I’ve been told that to do an insert I would need a hearth extension as illustrated by the blue tape. And the code says nothing combustible underneath the extension, so I cannot simply put tiles or bricks attached to the finish flooring or subfloor. There’s a basement underneath this area. I’m thinking it would need to be solid concrete blocks underneath the extension all the way down to the floor and maybe even dig a footing. I haven’t been able to glean the standard procedure for such a project.

I’m thinking that an insert would have the best draft, a bricked over opening with a top flue stove and a thimble high up on the masonry would be second best venting, and a rear venting stove on a 12 foot chimney is somewhat challenging.

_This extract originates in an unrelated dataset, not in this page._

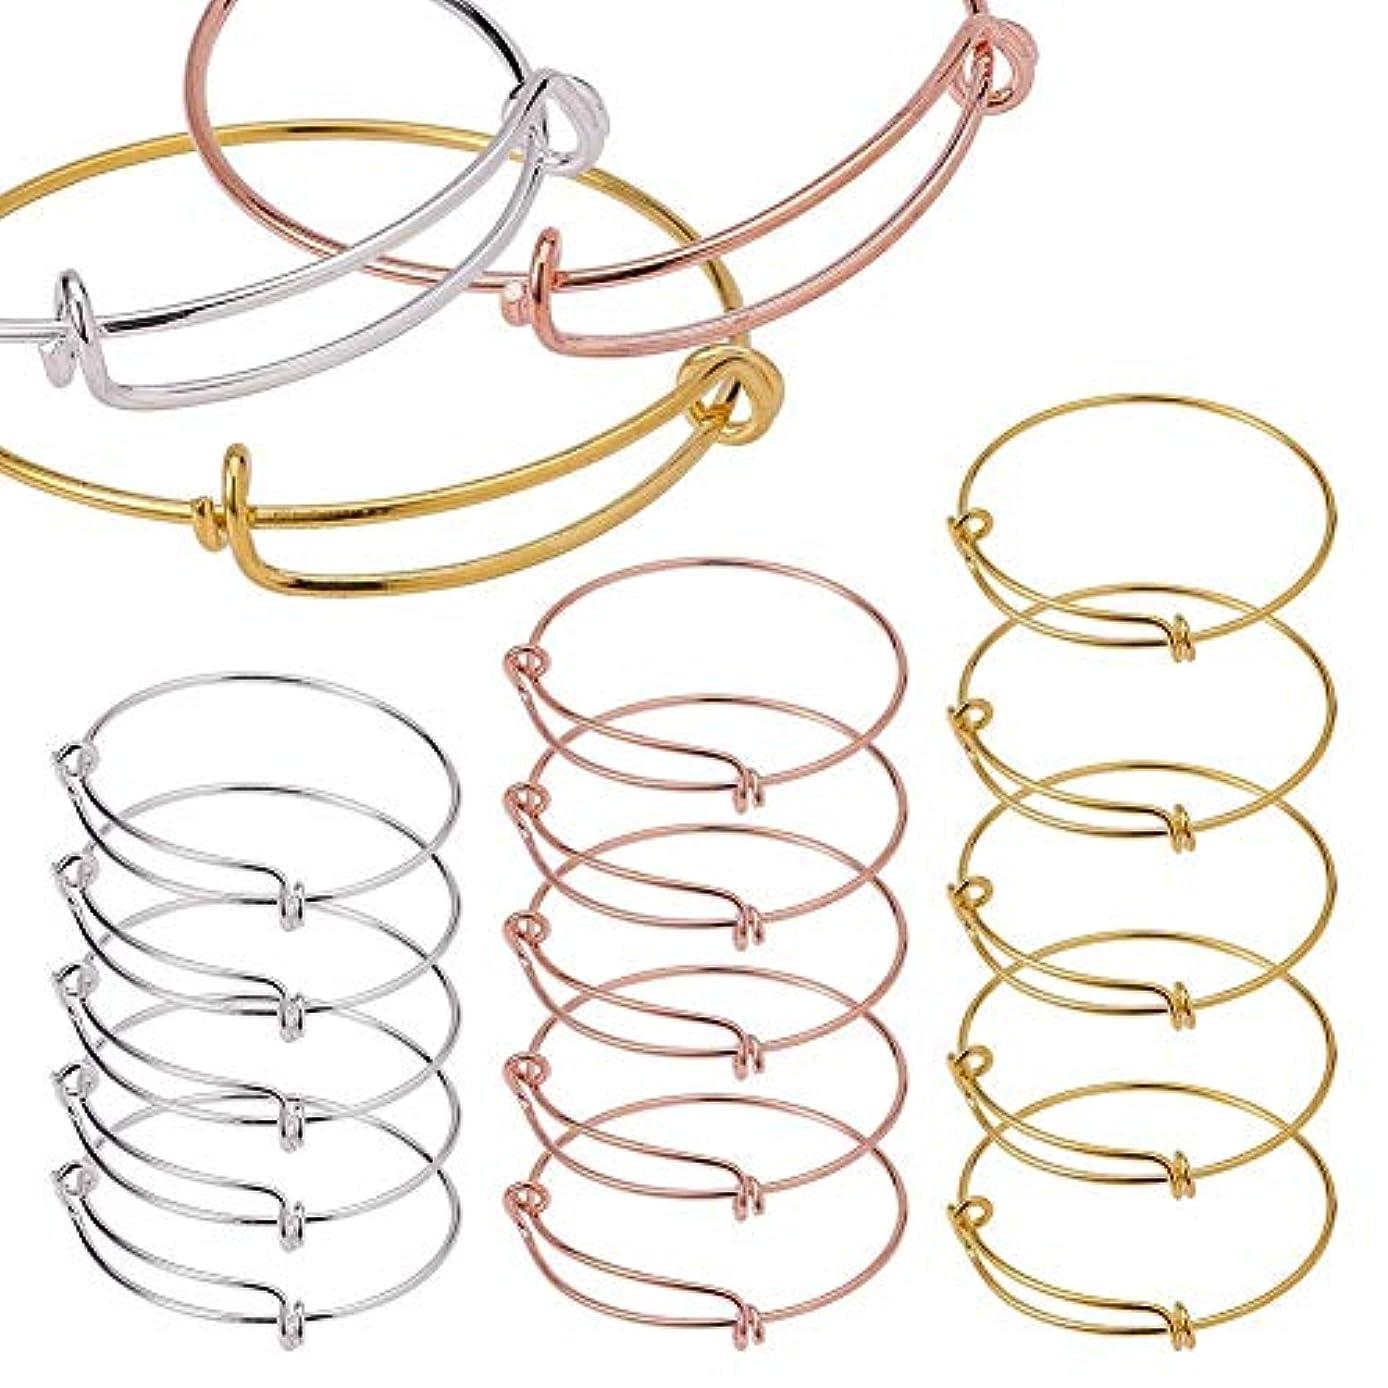 BENECREAT 15PCS/Set Adjustable Wire Blank Bracelet Expandable Bangle for DIY Jewelry Making, 2.5 Inch - Silver & Golden & Rose Gold

@begreen suggested one of the rear venting Woodstock stoves with a side loading capacity for good venting on a roughly 12 foot chimney. To make it work, I need some more advice. I’m unclear if there are any IRC provisions regarding clearance from walkways. We have been informally blocking the walkway from the living room closer to the center exit door as it’s redundant, and we would need to permanently block this path with an expanded ember protection pad if we got a side loader. I included a diagram to try to clarify.
Much obliged to everyone assisting me.

View attachment 287015
Check the hearth requirements for the inserts you are interested in. Some wouldn't need a hearth extension compliant for an open fireplace.

If they do you pour a slab you don't need to go to the floor with a foundation.
 
Please explain why a taller chimney makes for more draft? What's the physics going on?